I am into Strickland’s third book of four planned volumes.  I will likely review the fourth as well, when it is out.  I have recently spent more time listening to Orthodox podcasts and explorations recently than those from any other Christian tradition (Ancient Faith Ministries is an excellent source).  I will explain why later in this post.

What I have little or no patience for: anyone from any tradition making derogatory comments about another.  One need not denigrate Calvin or Reformed Christians in order to make a point about where and how and why Catholic or Orthodox theology differs from that presented by him or them.  I can handle a tiny bit of tongue in cheek.  But none of the holier-than-thou stuff from any Christian who should know that humility is a proper characteristic.

BM: Yet, I am deciding that I am being somewhat unfair. What was the cultural situation of the Eastern Roman Empire during the 1000 years until the fall of Constantinople? Clearly some sort of failure also occurred here, yet without the negative features (as described by Strickland) that afflicted the Western Church. To that end, I will begin review this Eastern history…once I make sufficient progress on the couple of books currently being examined.

Having grown up in the Western tradition, and having studied it as much as I have, especially since beginning this blog, it is easy for me to find the logs in my own eye, if you will.  Given my relative ignorance of the culture and history of the Eastern Church, it is also easy, therefore, for me to not see the faults in arguments or presentations made by advocates and apologists of same.

In other words, it is accurate to say that I am finding much blessing in learning of Orthodoxy and the East.  But, being an institution of men – no matter how holy – it also has warts, and warts tied to its history, councils, doctrine, etc.  And these warts, one way or another, likely had a hand in the undoing of the Christian East.
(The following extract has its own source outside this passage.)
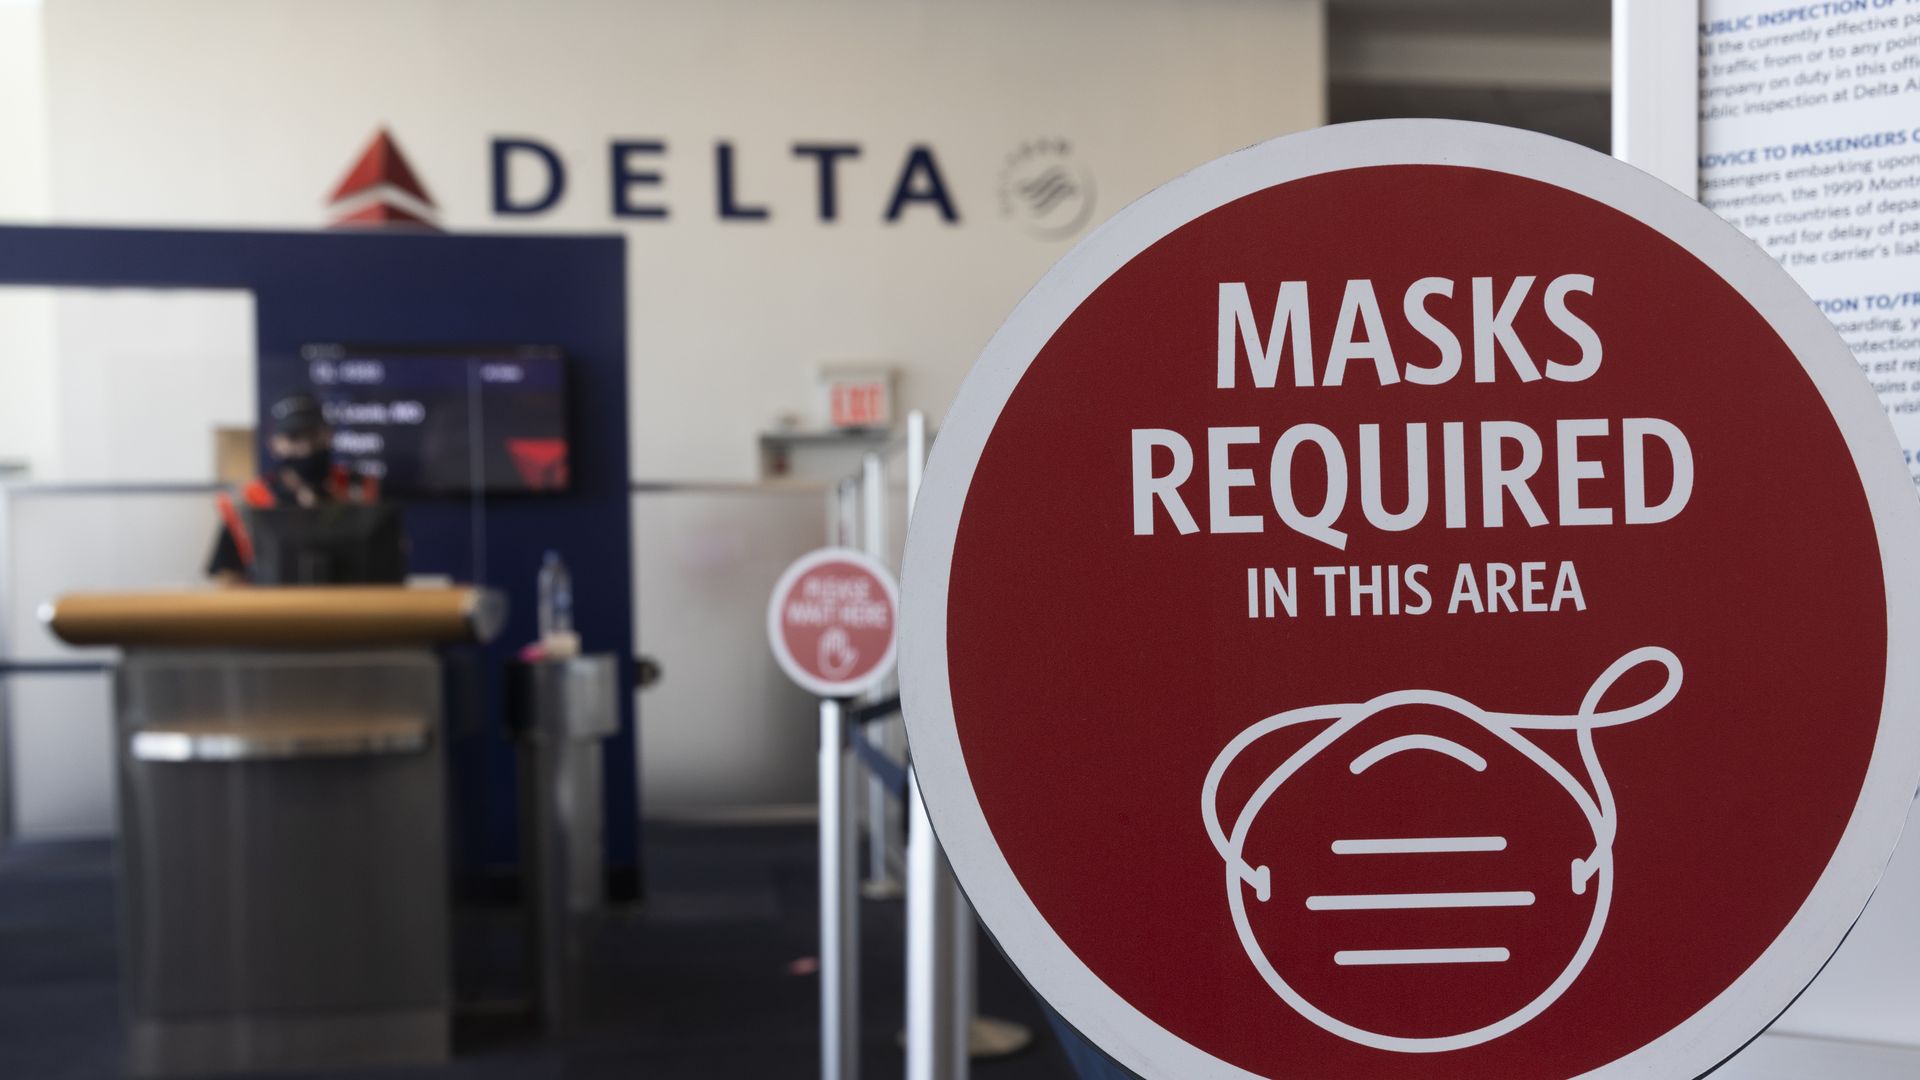 A "Masks Required" sign at a Delta Air Lines gate in Terminal C of LaGuardia Airport (LGA) in New York, U.S., on Monday, Aug. 2, 2021. 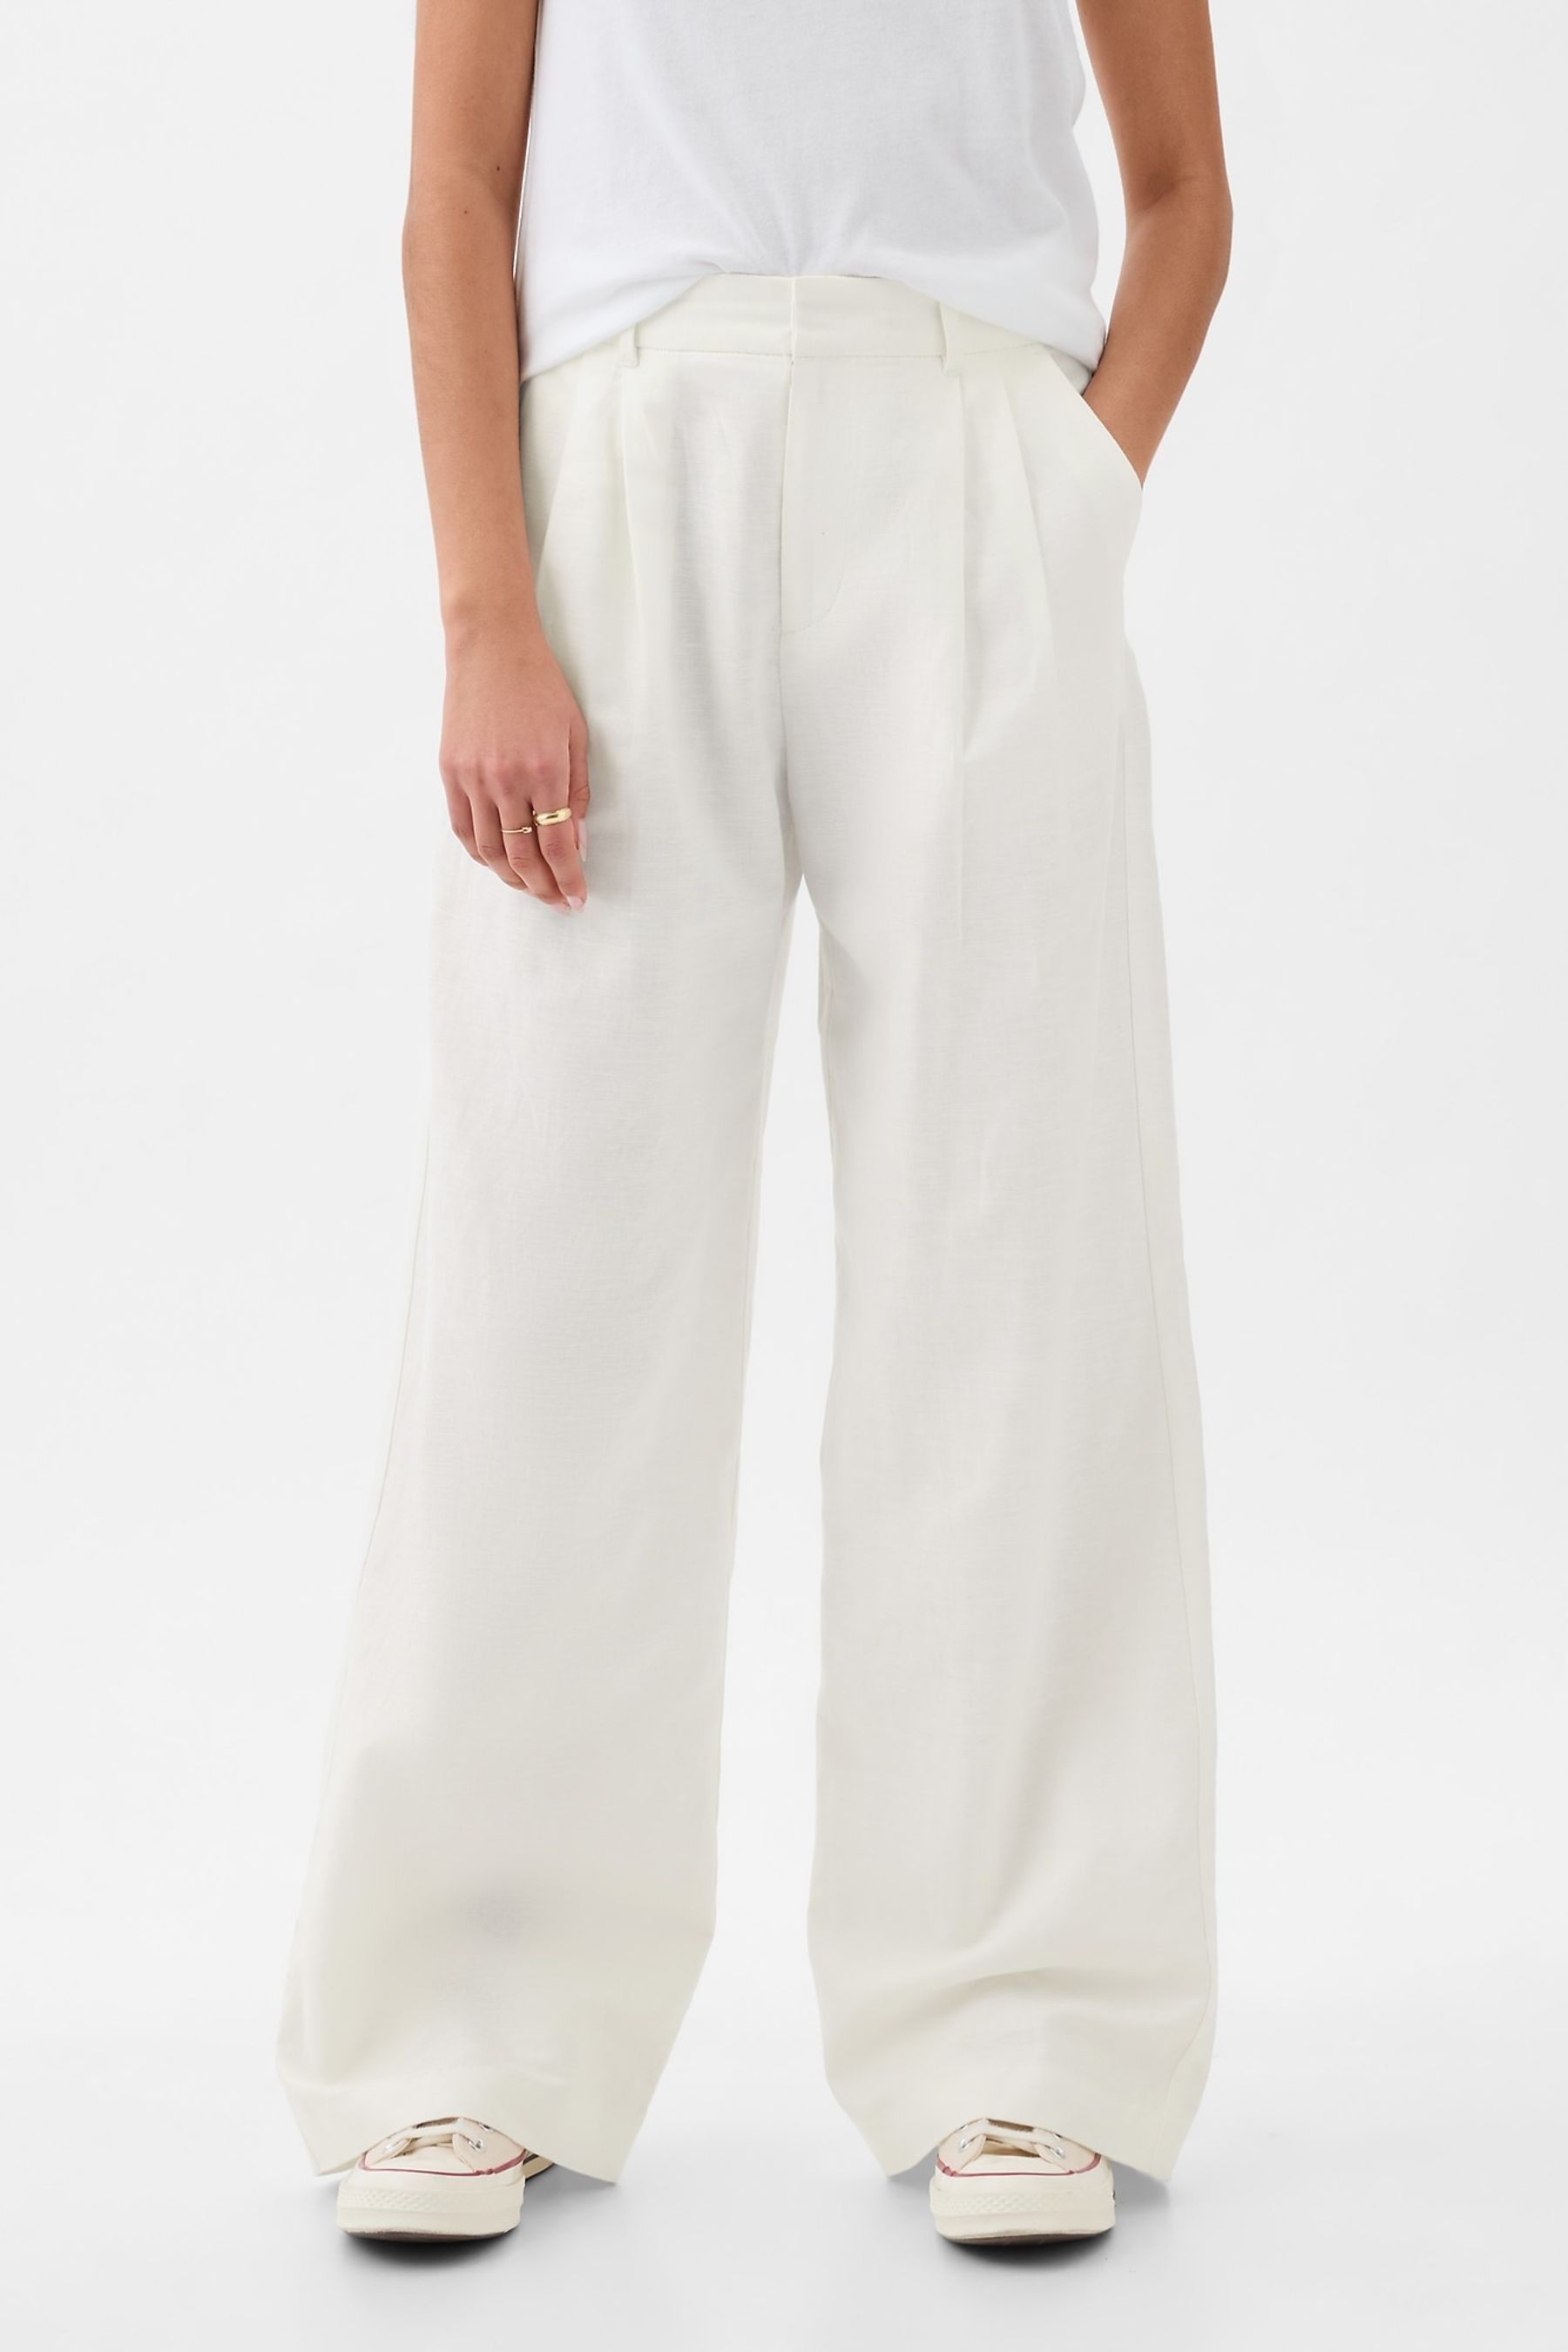 Gap Beige & White Stripe High Waisted Linen Cotton Trousers

WG: On the subject of why disasters have befallen the Orthodox (Muslim Turks, Communists, and so on), St Justin gives us an answer in the Papism essay:

Walt then provides an extensive cite, the relevant portion for my reply is repeated and presented in my subsequent comment:

BM: From your cite of St Justin:

“It is God trying the endurance of the righteous, visiting the children for the sins of their fathers, and announcing the strength of His Church by taking it through fire and water. Because, according to the words of the wise-in-God Macarius of Egypt, that is the only path of true Christianity: "Wherever the Holy Spirit is, there follows, like a shadow, persecution and battle... It is necessary that the truth be persecuted."”

My reply to this comment:

BM: One, of course, could apply these words to the West of today.

Is not the Christian West going through fire and water – right here and now?  If the Holy Spirit is wherever persecution and battle will be found, does this not describe Covid – with the closing of churches during Holy Week – and the aforementioned Canadian law?  The Christian truths of the West are equally persecuted.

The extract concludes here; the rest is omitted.